So it finally happened. I thought we'd be able to get through chemo without anyone in the house getting sick, but I guess it was inevitable. Michael and his son both have a cold. Of course, it's unfortunate for them...they both feel awful and I feel for them. I don't mean to make their being sick about me, but...it's also a pain in the ass, because now I'm under quarantine. Michael will have to sleep in the other room and we can't be together...for the brief moments he comes in, he has to wear a mask. I probably shouldn't leave the room unless I have to. It sucks for both of us. Chances are, I'm already exposed and will get sick anyway, in which case I'll be miserable but at least we could go back to normal.

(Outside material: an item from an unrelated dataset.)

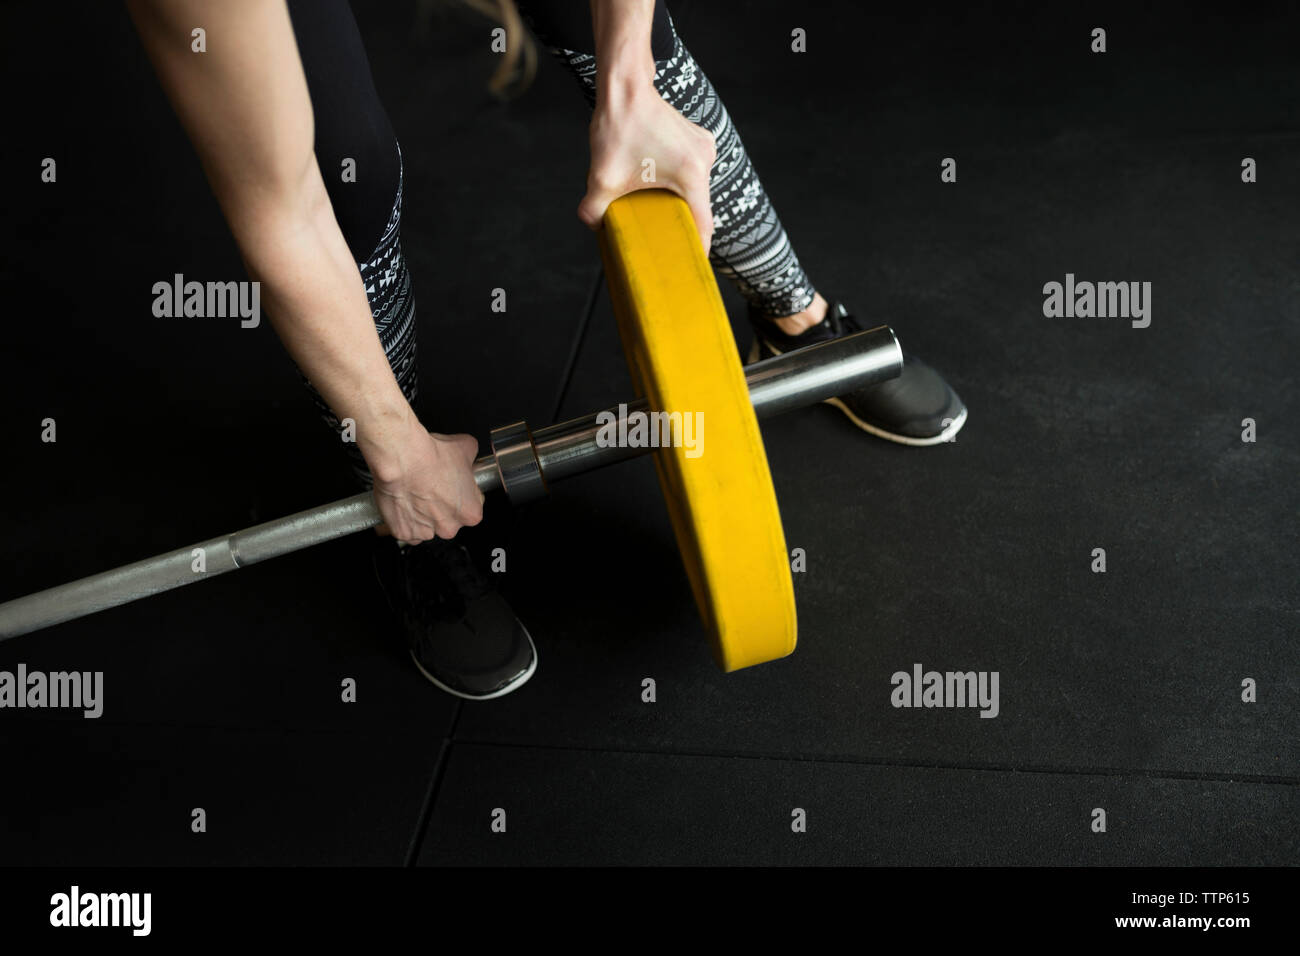 Low section of woman adjusting weight on barbell while exercising in gym Stock Photo

The not-worse-not-better-just-differentness continues. The neuropathy (tingling and numbness in my extremities, mostly my first three fingers on each hand and first two toes on each foot) has gotten a little worse this time. It faded in previous cycles, so I hope it will this time, too. I've heard reports of people having it for the long term and that scares me, but I suspect that's rare. I hope the fact that I am on the Taxol for such a short period of time will mean it won't last long. My nose no longer drips all the time, although I often feel a little stuffy but not too bad. I seem to have regained some tolerance for spicy (mildly, at least) food.
But I am so, so tired. All the time. I know I say that a lot, but it's frustrating and depressing. Most of the time, I don't feel like getting on the computer. I have all this work people are relying on me to do, and I have a hard time getting to it. "But, Jennifer, your job is to heal!" you say. Yeah, but it doesn't change the fact that people need things done and I need a paycheck.

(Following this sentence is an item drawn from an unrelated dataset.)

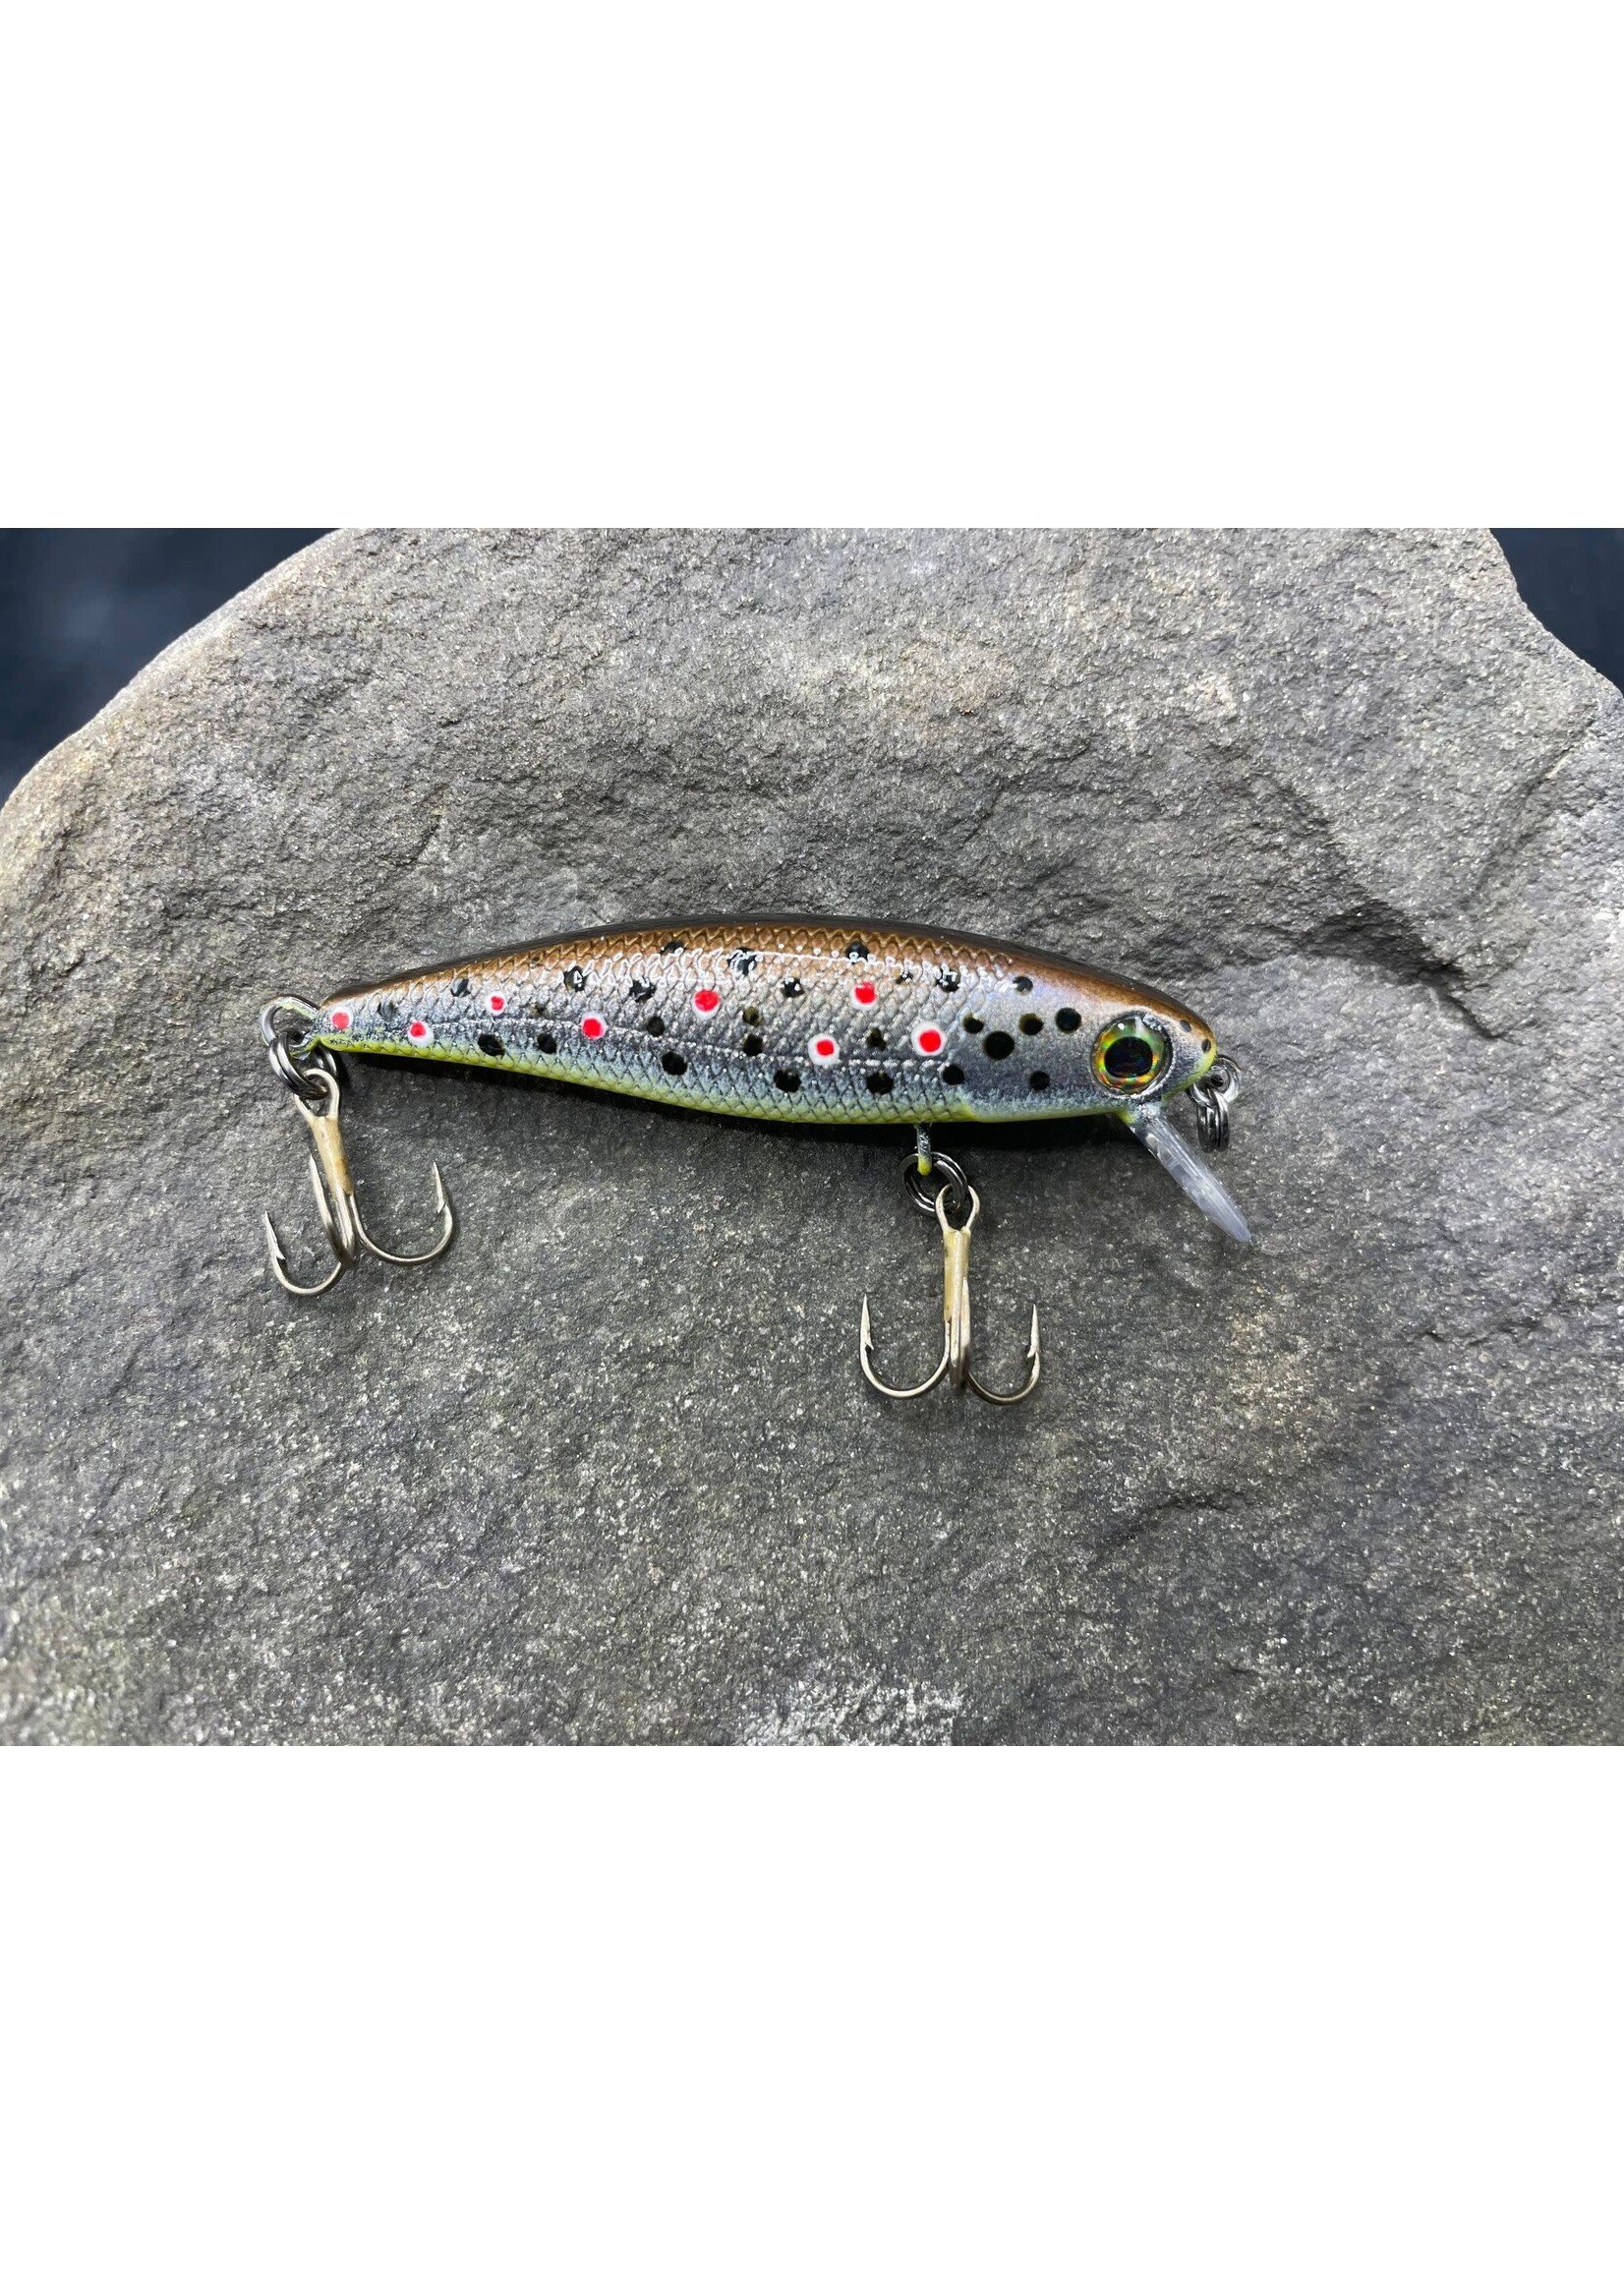 Custom Trout Spinners (How To Make A Custom Trout Spinner)

All I feel like doing is watching TV and playing on my tablet. Sometimes I lie here, eyes closed, wanting desperately to nap but unable to sleep. I did muster up the energy to go out for dinner a couple times, and it was nice to get out of the house for a bit.
People often ask if I'm going stir-crazy. Yes and no. On the one hand, I have several ways of getting on the internet, which provides lots of entertainment and social interaction. I chat with friends often via facebook or text. II have kindle and all Amazon has to offer. I have all kinds of games in numerous formats I can play, whether alone or with Michael (when he's not sick, that is). And cable, Netflix, Hulu, and Amazon Prime. So, I have plenty of entertainment, although I still get tired of my options sometimes.
On the other hand, I'm anxious to get out and do things I haven't been allowed to do. Dance. Go places. Play. Friends are going on vacation and I'm dying to go somewhere. I want to go to Disneyland especially. We're making plans to go somewhere for a short, close trip after chemo but before surgery, and then to Vegas right before Christmas and radiation. I'm really looking forward to that. Not only because I'll be somewhere different having fun, but because it will mean I'm past this part. We'll have to keep it low key, but I'll take what I can get!
It will take time for my body to recover from this and my energy levels to return...and of course I'll also have surgery to recover from and radiation will also cause fatigue. So I don't know when I'll feel anywhere close to my old self or be able to resume my normal activities. I'm trying not to get too down about it. But I'm tired of being tired. Please, don't say, "Of course you're tired! You're going through a lot!" I already know that. It doesn't change the fact that I'm tired of feeling like this.
Tomorrow, I meet with the radiation oncologist. I'm looking forward to learning a bit more about that step and what to expect. Then the surgeon on Tuesday, when we'll make the final decision about which surgical route we'll take. Then--fingers crossed that I don't jinx it--my last chemo on Wednesday!